Task requirements
Repeat, word for word and with nothing added, each line from the one containing "Images Marmoles Ramos S.L." to the final line of the data, keeping both ends. Pictures are not part of the copy.

Data block
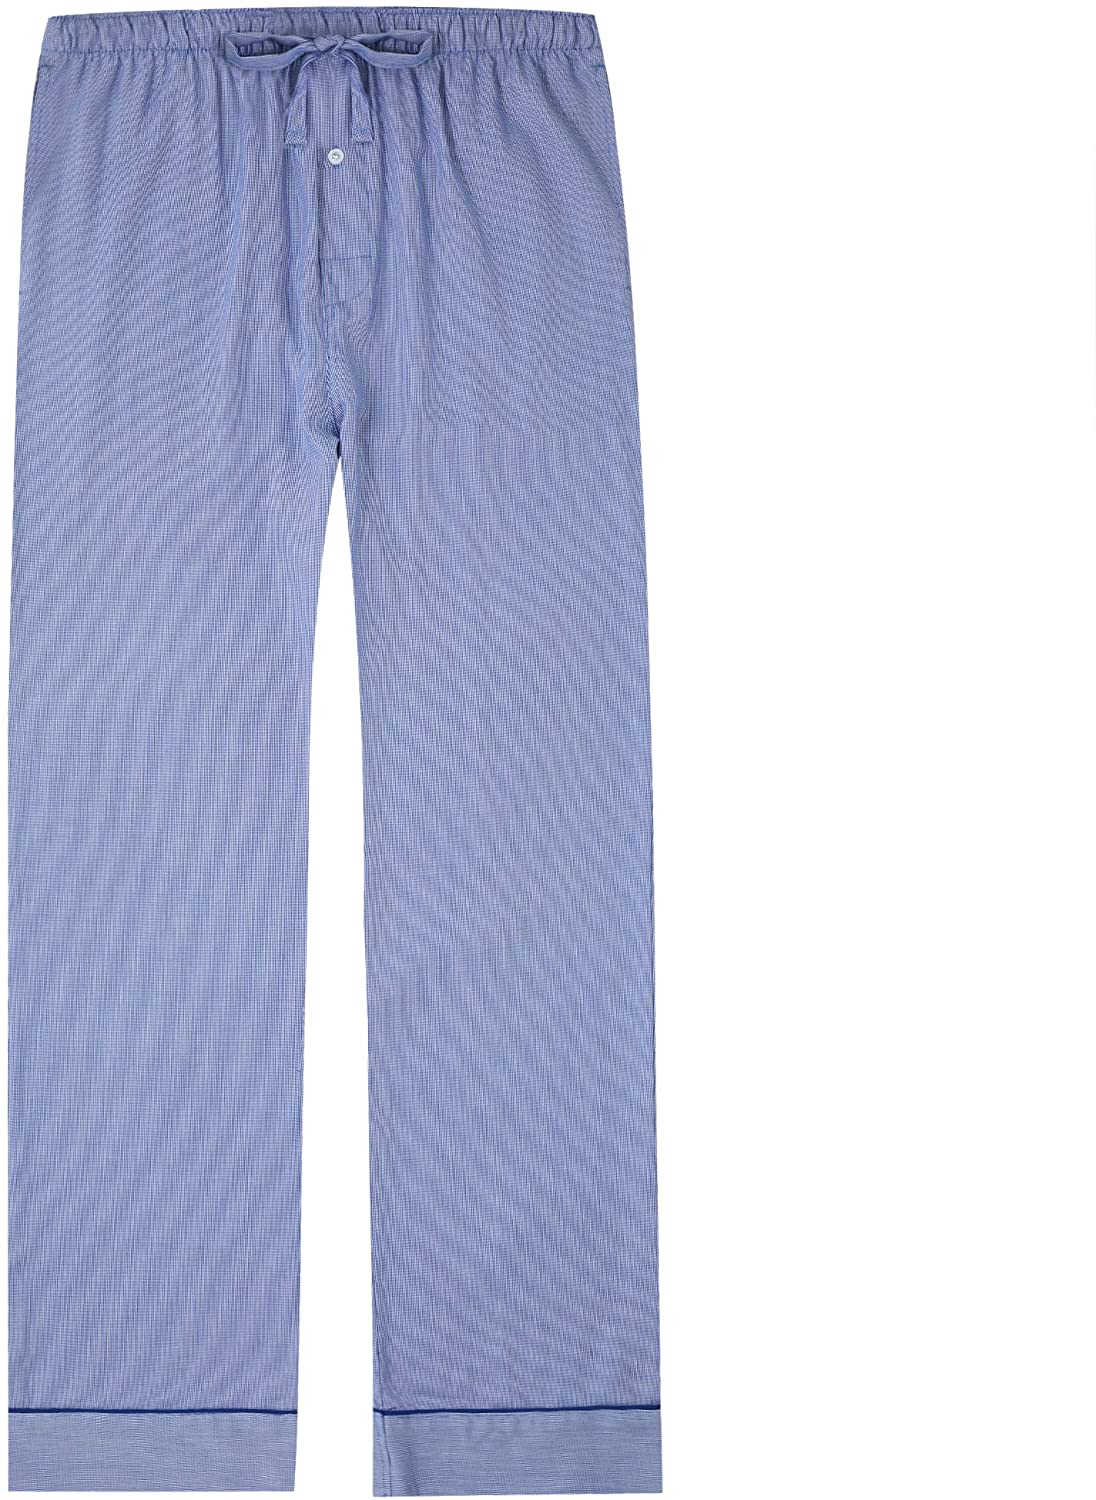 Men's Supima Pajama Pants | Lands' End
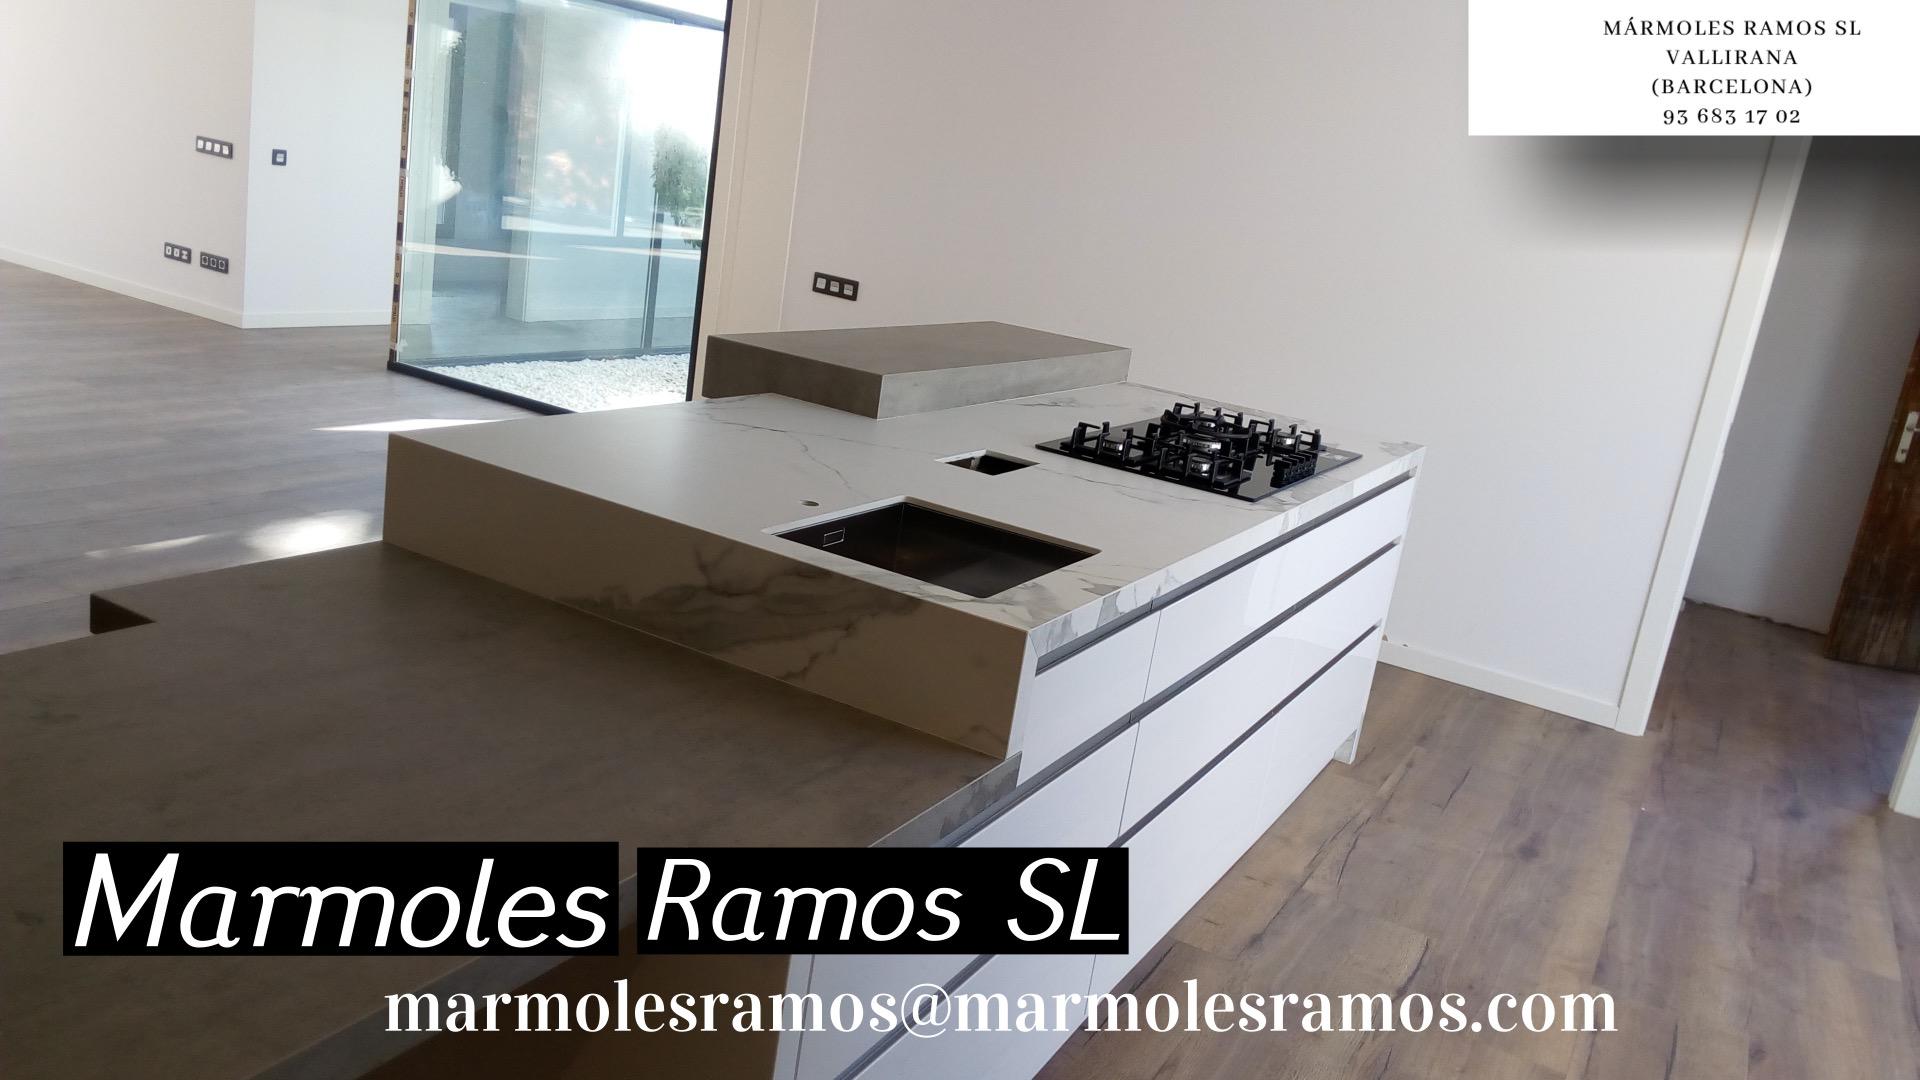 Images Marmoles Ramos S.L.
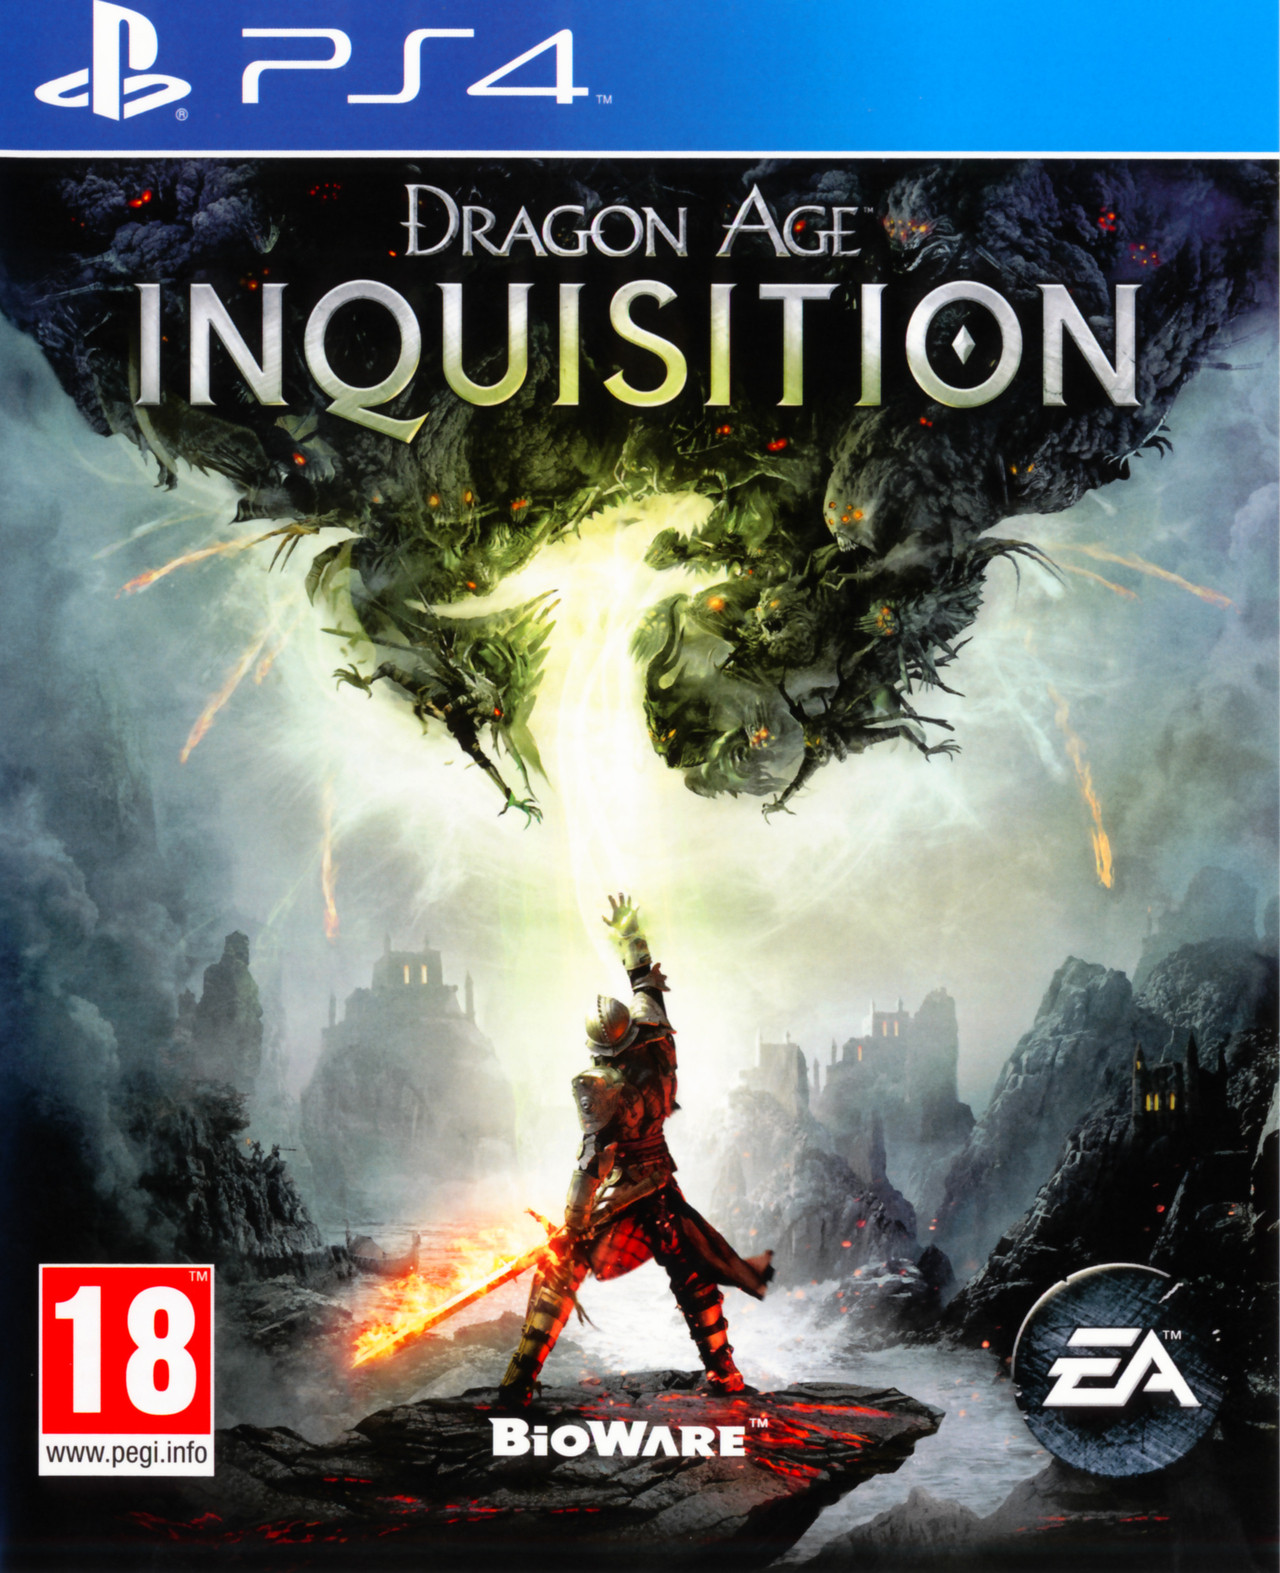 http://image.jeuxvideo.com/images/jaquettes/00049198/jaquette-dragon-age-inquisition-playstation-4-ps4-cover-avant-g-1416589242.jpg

Exercise output
 Images Marmoles Ramos S.L.
 http://image.jeuxvideo.com/images/jaquettes/00049198/jaquette-dragon-age-inquisition-playstation-4-ps4-cover-avant-g-1416589242.jpg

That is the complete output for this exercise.